If “Signs” didn’t already make it clear, Luna’s Call absolutely excel at crafting extravagant, long-form Prog-Death arrangements which cycle through multiple movements – from rapid-fire riffery to  synth-tinged grooves to doomy darkness, from moody melodic minimalism to gorgeous, gleaming grandeur to bombastic blasting – without ever losing the central thread which guides the listener through this ever-twisting, ever-turning labyrinth of sound.

This well-learned, hard-earned talent for balancing diversity, dynamism, and drama, is what makes the powerful, progged-out riffs, ostentatious orchestral opulence, and transcendent technicality of “Solar Immolation” just as immersive and engaging as the seamless shift from pure Prog to raging Death Metal during “Locus” (which also showcases some of the album’s most brilliant bass work) or the twisted Tech Death riff-fest of “In Bile They Bathe”… even though the latter two tracks together still don’t quite equal the former’s titanic, thirteen-and-a-half minute run-time!

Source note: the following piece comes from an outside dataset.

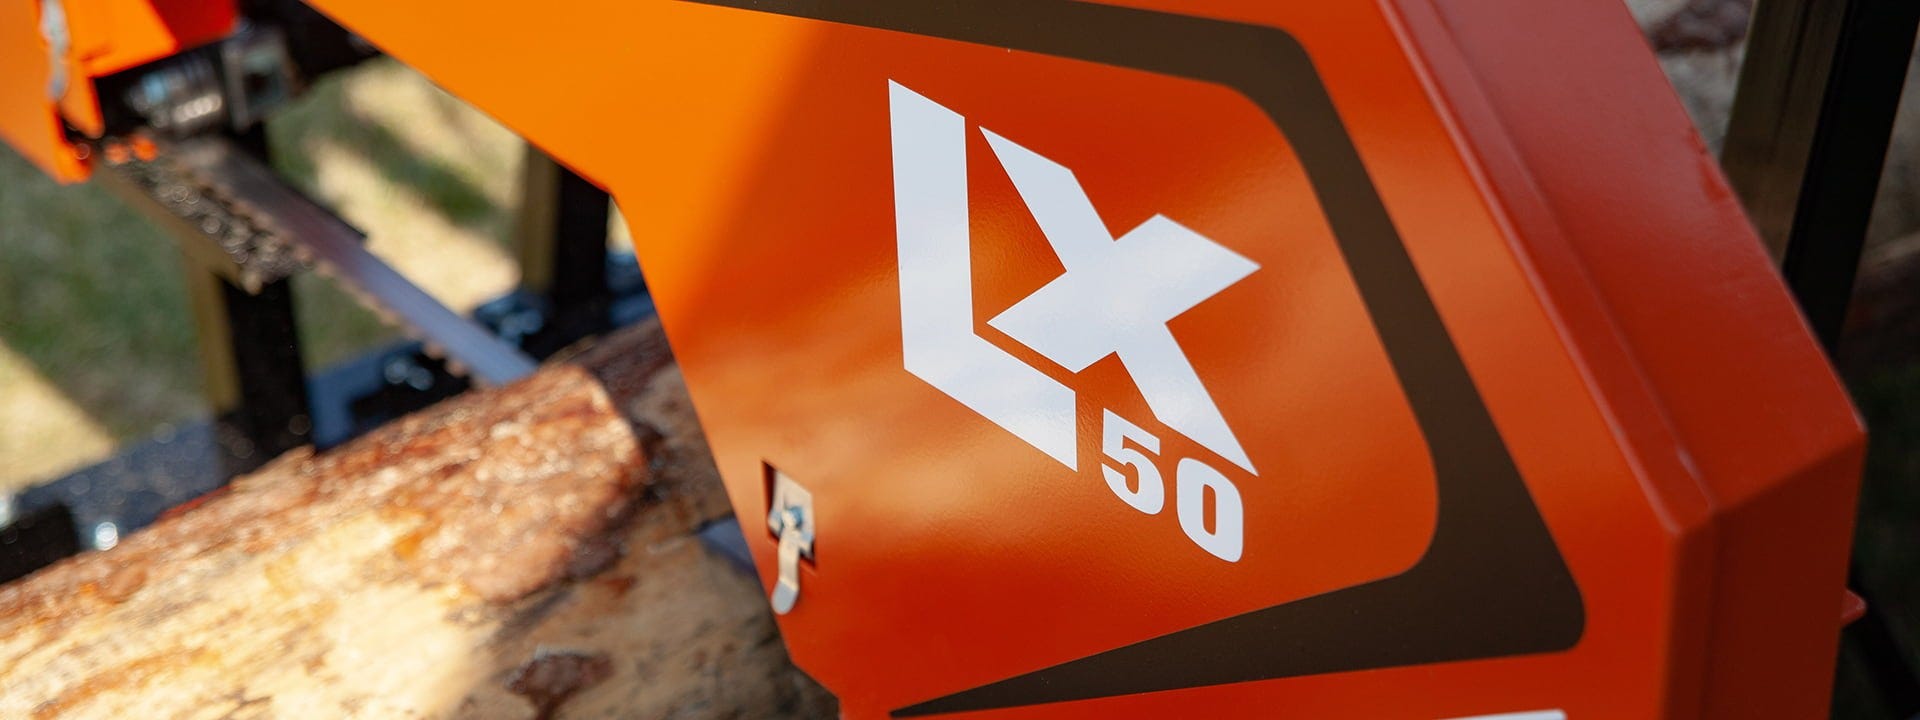 LX50 is the smallest and most inexpensive band saw available from Wood-Mizer

As unashamedly OTT as this album can be (which extends, by the way, to its eye-catching artwork, which is a real feast for the senses), the band also clearly grasp the importance of contrast and flow to the success of their sound, which is why the first half of the album culminates in the poignant, photo-realistic proggery of “Enceladus & The Life Inside”, and why the soothing instrumental interlude of “Silverfish” serves as a perfect penultimate pause prior to climactic closer “Fly Further Cosmonaut”.

And what a closer it is, delivering some of the album’s heaviest, hookiest, most extreme, most elegant, and most potently proggy material over the course of just over nine majestic minutes.

Wearing both their influences and their ambition out and proud upon their sleeves,  Luna’s Call have produced an album of such astounding confidence and creativity that it’s clearly one of the stand-out releases of 2020. In fact it might just be the best example of Progressive Death Metal – with an emphasis on the “Progressive” part – I’ve heard since Serdce’s fantastic, but fatally underrated, Timelessness. And that’s not something I say lightly.

So don’t let this one pass you by. Because I absolutely guarantee that it will be making an appearance on multiple “Best of…” lists at the end of the year. It really is just that good.